The Senate inquiry found what many university leaders have known for years: enterprise agreements and awards have become so complex that, rather than facilitating productive workplaces, they have become barriers to productivity, drivers of compliance risk and obstacles to good governance.

Unfortunately, the legislative framework makes meaningful reform exceptionally difficult.

Government should trust Australia’s independent umpire to do the job it was established to do.

No organisation—public or private—can continuously improve while out of date workplace practices are preserved indefinitely.

The FWC should be empowered to arbitrate enterprise bargaining disputes by reference to the objects of the Fair Work Act, without statutory constraints that prevent it from balancing fairness, productivity, operational effectiveness, sustainability and good governance. An independent tribunal is far better placed than Parliament to determine what contemporary enterprise agreements should contain.

We must restore the balance to a system that has become increasingly incapable of delivering  meaningful reform.
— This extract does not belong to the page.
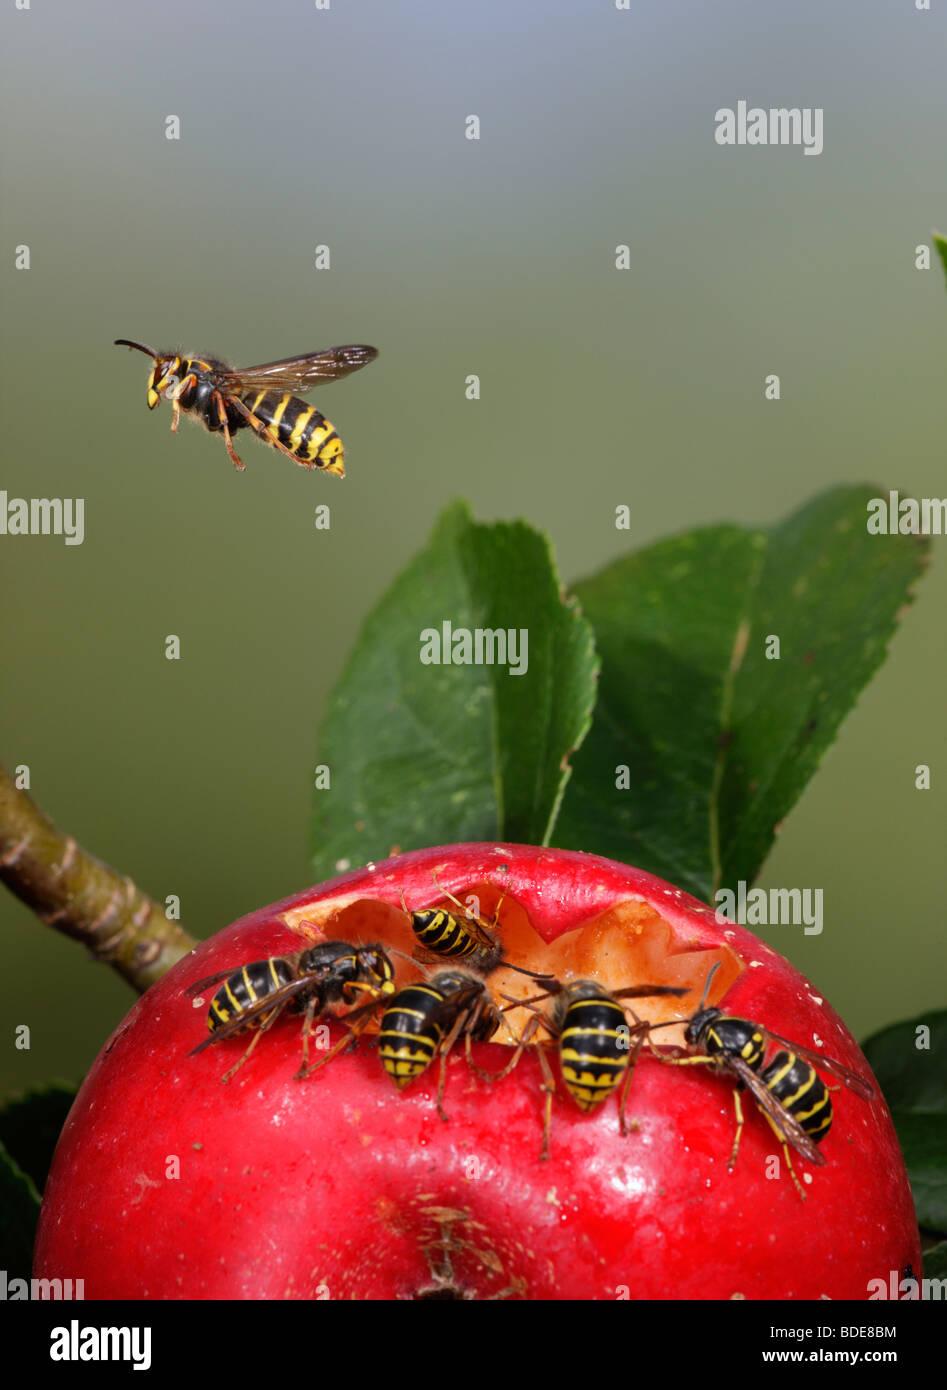 Mittlere Wespen Dolichovespula Media und gemeinsame Wespen Vespula Vulgaris Fütterung auf gefallenen Apfel Stockbild

Australia's universities can compete globally when they’re applying workplace arrangements designed for this era. They cannot fully harness artificial intelligence, respond to changing student expectations or improve productivity while locked into industrial instruments that prevent sensible, meaningful and prompt change.

The debate about higher education has spent too long looking backwards—towards historical grievances and industrial conflict.

Australia must look forward.

The question is not whether universities should change, it is whether our workplace laws will let it happen.

Productivity is not created by preserving yesterday's work practices, but by giving institutions the capacity to innovate, adapt and improve.

Modernising enterprise bargaining in higher education should be recognised for what it is: an economic imperative.